Tillman Bruett, who heads mobile banking for the poor (MB4P), UNCDF's global programme on the subject, summarises the opportunities of-and threats to-mobile money in the Pacific as follows:

  • Mobile phones can reach a lot of people quickly-the number of those who have registered for mobile money accounts across the Pacific is creeping toward 1 million.
  • Getting people to use and trust the system takes time-only about 5% of registered customers actually use the service, which is not far from the global average.
  • At the same time, mobile network operators need to see some growth in the next few years as an incentive to invest further in offering the service.
  • Regulator support is crucial-and Pacific regulators have been highly supportive.

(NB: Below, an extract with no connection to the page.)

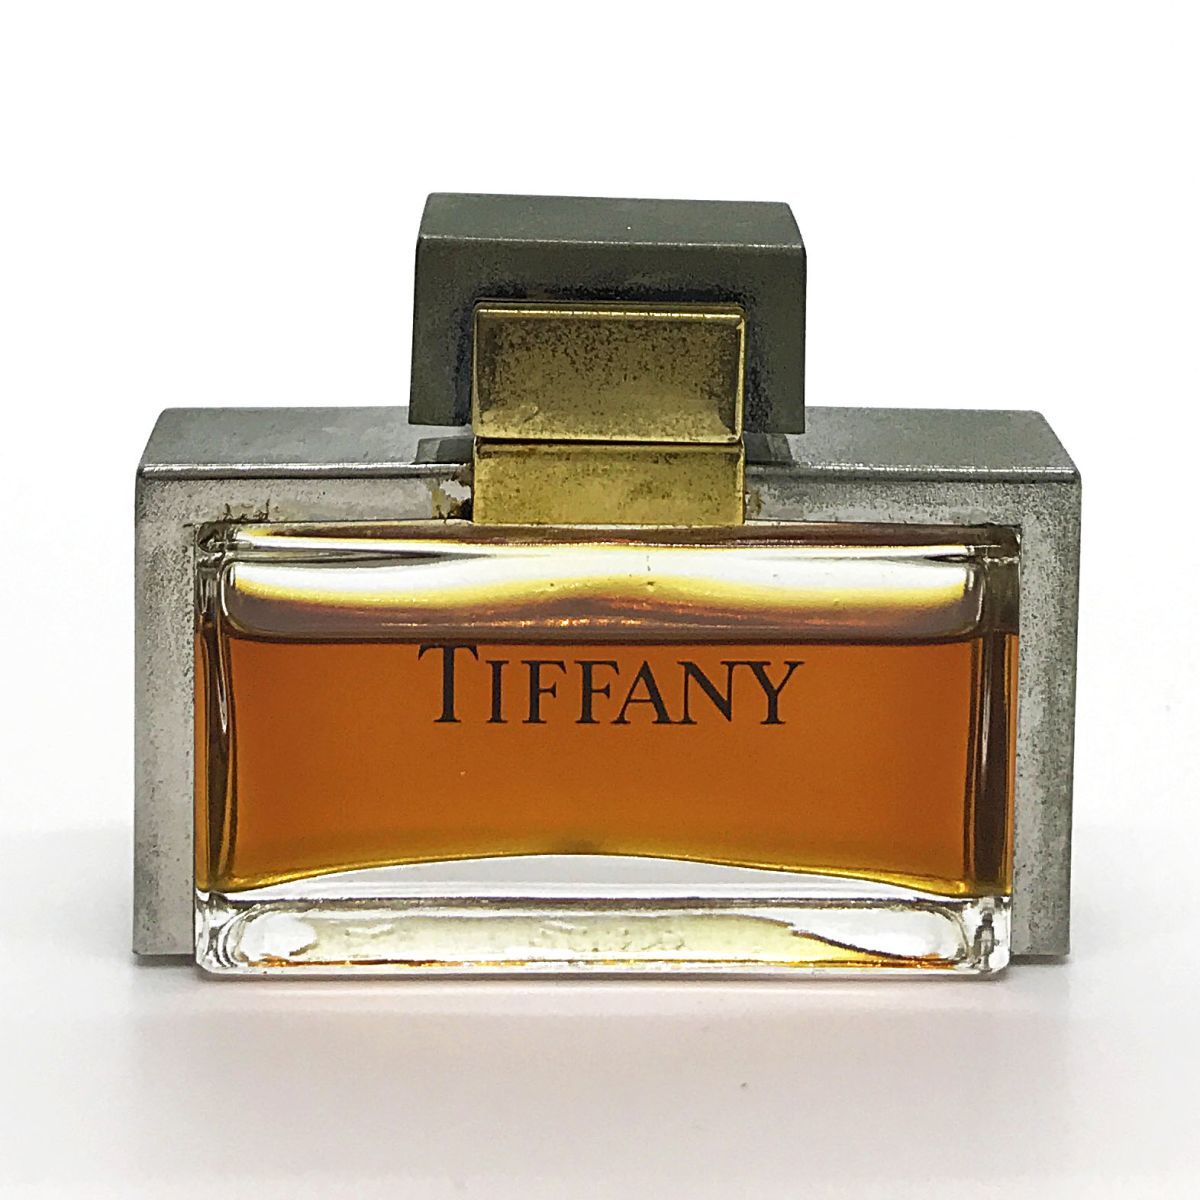 TIFFANY Tiffany Pal fam7.5ml * осталось количество вдоволь стоимость доставки 140 иен

PFIP is not putting all its eggs in the mobile money basket. The project has supported several banks which are now making significant progress in reaching the unbanked. Westpac and Bank of the South Pacific, for example, offer a simple low-cost bank account with quick-issue debit cards and dedicated agents. Collectively, these bank solutions are now reaching nearly 150,000 Pacific islanders, most of whom were previously unbanked. In fact, the banks seem to be having an easier time getting clients to be active than mobile phone companies. Clients, it seems, accept formal savings more readily than they do formal money transfers, and access to ATM networks is proving a strong draw. Increasingly, also, partnerships are emerging, linking mobile network operators with the local post office, for example, or with banks, microfinance institutions, and insurance companies.

Over time, and given effective marketing efforts, quality improvements, and a reliable network of agents, we expect to see these efforts mature and reach millions of Pacific islanders.